Contemporary Libyan scholar Ali Yahya Muammar believes that Abu Sahl translated for Yusuf Abu Hatim ibn Muhammad, not for his grandfather Aflah ibn Abd al-Wahhab. Muammar suggests that Abu Sahl was likely too young to serve Aflah. Algerian historian Ibrahim Bahaz proposes that Abu Sahl may have translated Arabic letters from the Rustumids into Berber for local governors in their provinces.

After the fall of Tihert (in modern-day Algeria), the Rustumid dynasty's seat of power, to the Fatimid offensives, Abu Sahl is believed to have sought refuge along the Algerian coast. Historical sources suggest two possible locations for his resettlement: Marsa al-Kharraz and Marsa al-Dajaj. Ahmad al-Darjini (d. 1270 CE) argues that Abu Sahl settled in Marsa al-Dajaj rather than Marsa al-Kharraz. He reinforces his claim by stating:
It is reported that the tomb of Abu Sahl is located in the aforementioned place [Marsa al-Dajaj] and continues to be visited. Indeed, at the time, the Sanhaja used to visit him, and some of them would say: 'Let us go to the grave of the one who laments his sin and his faith.' This supports that he was in Jazaʾir Bani Mazghannan, as it is the land of the Sanhaja.
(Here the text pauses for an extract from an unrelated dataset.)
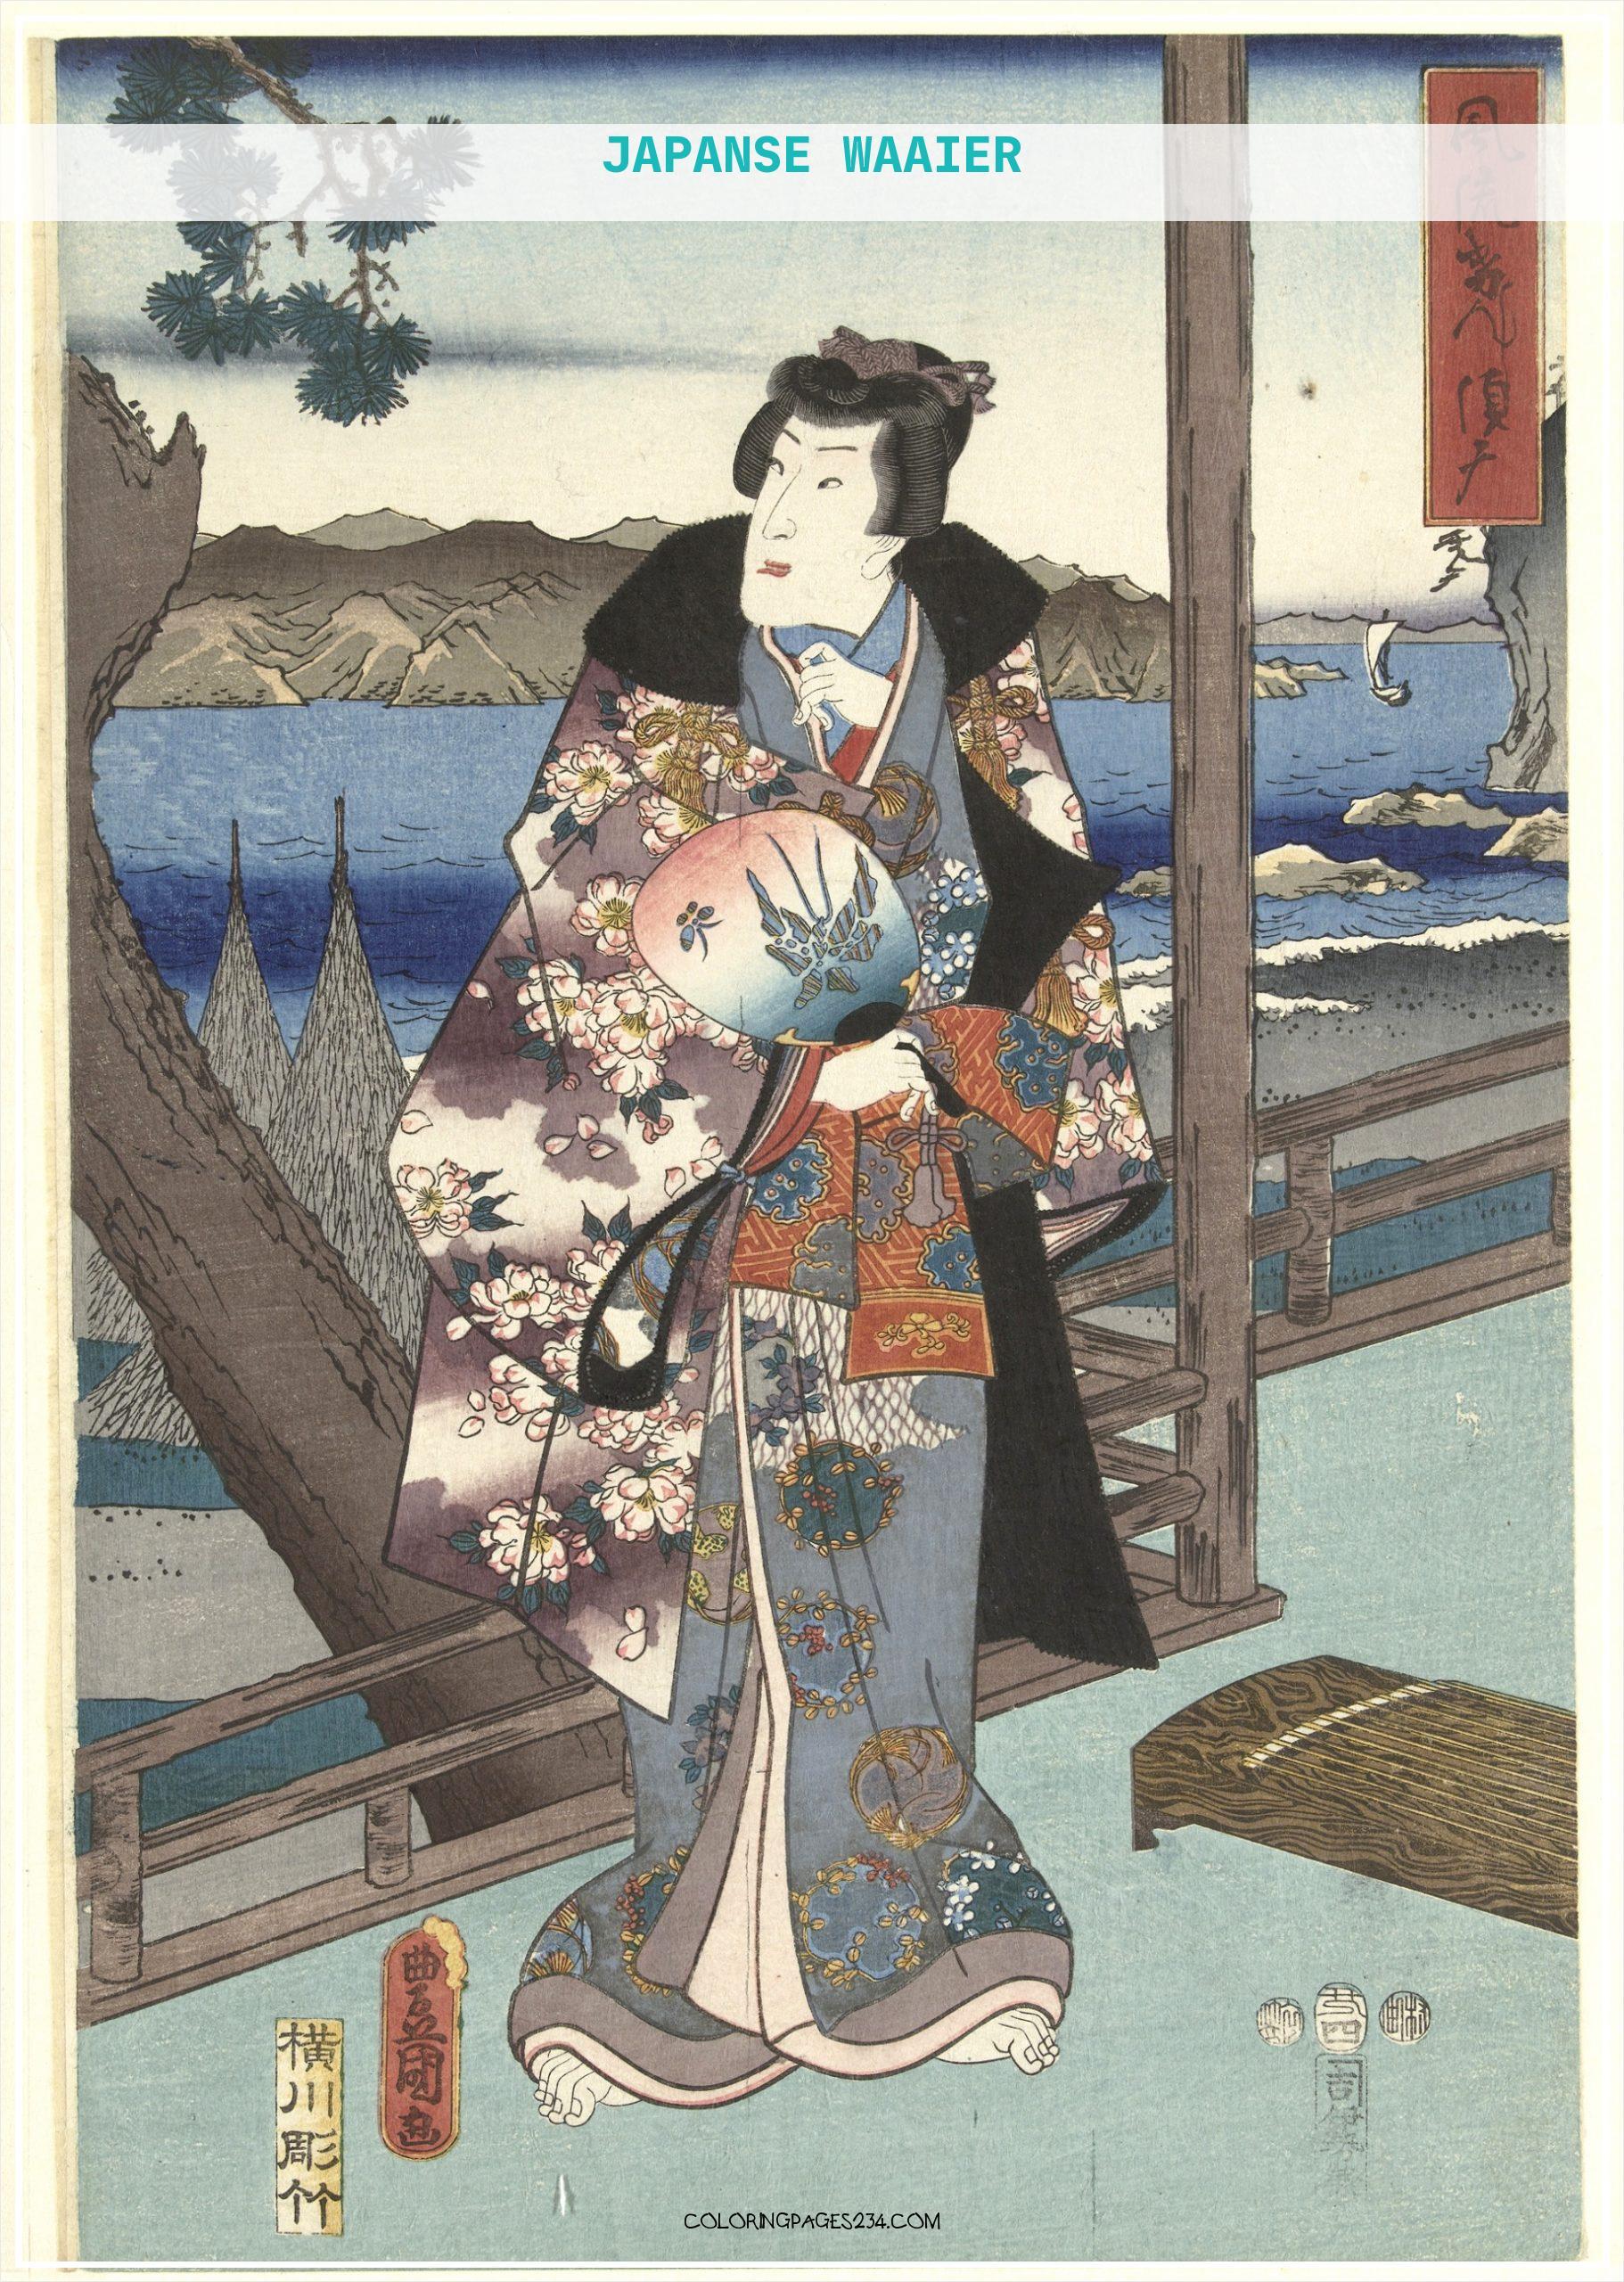 File De elegante prins Genji te Suma Rijksmuseum RP P OB JAP japanse waaier, source:commons.wikimedia.org

Abu Sahl lived there in seclusion, dedicating himself to worship and composing poetry mourning the losses suffered by the Muslim community after the end of Ibadite rule. People visited him until his death, which likely occurred in the early 4th AH century (between 912 and 960 CE).

== Lost works ==
It is believed that Abu Sahl authored a diwan comprising 12 books in the Berber language, featuring poetic compositions that chronicle the history of the Ibadis (Ahl al-Daʿwa) in North Africa. His works take the form of elegies lamenting the fall of the Ibadi Rustumid Imamate, expressing profound sorrow for the faith, its followers, and their decline. According to Ahmad Al-Darjini, a figure named Said, from al-Nukkariyya, took 6 books from this collection without authorization.

Upon discovering that Abu Sahl had dedicated his work to their community, the Ibadis sent a messenger to retrieve the collection from Said. The recovered portions, along with the remaining poems, were compiled into a single volume stored in Qal'at Darjin (in modern-day Tunisia). However, when the city was captured in 1040 (440 AH), all Ibadi manuscripts housed there, including Abu Sahl's collection, were burned and subsequently lost.

In the aftermath of this loss, the Ibadi scholar Abdullah bin Muhammed al-Lawati (c. 1040–1134) sought to recover the poems from the memories of the Ibadis (Azzabas) who had once memorized them. He successfully retrieved 24 poetic chapters (bab) from the diwan. However, this process led to distortions and imbalances in the texts, resulting in inconsistencies, as well as various additions and omissions.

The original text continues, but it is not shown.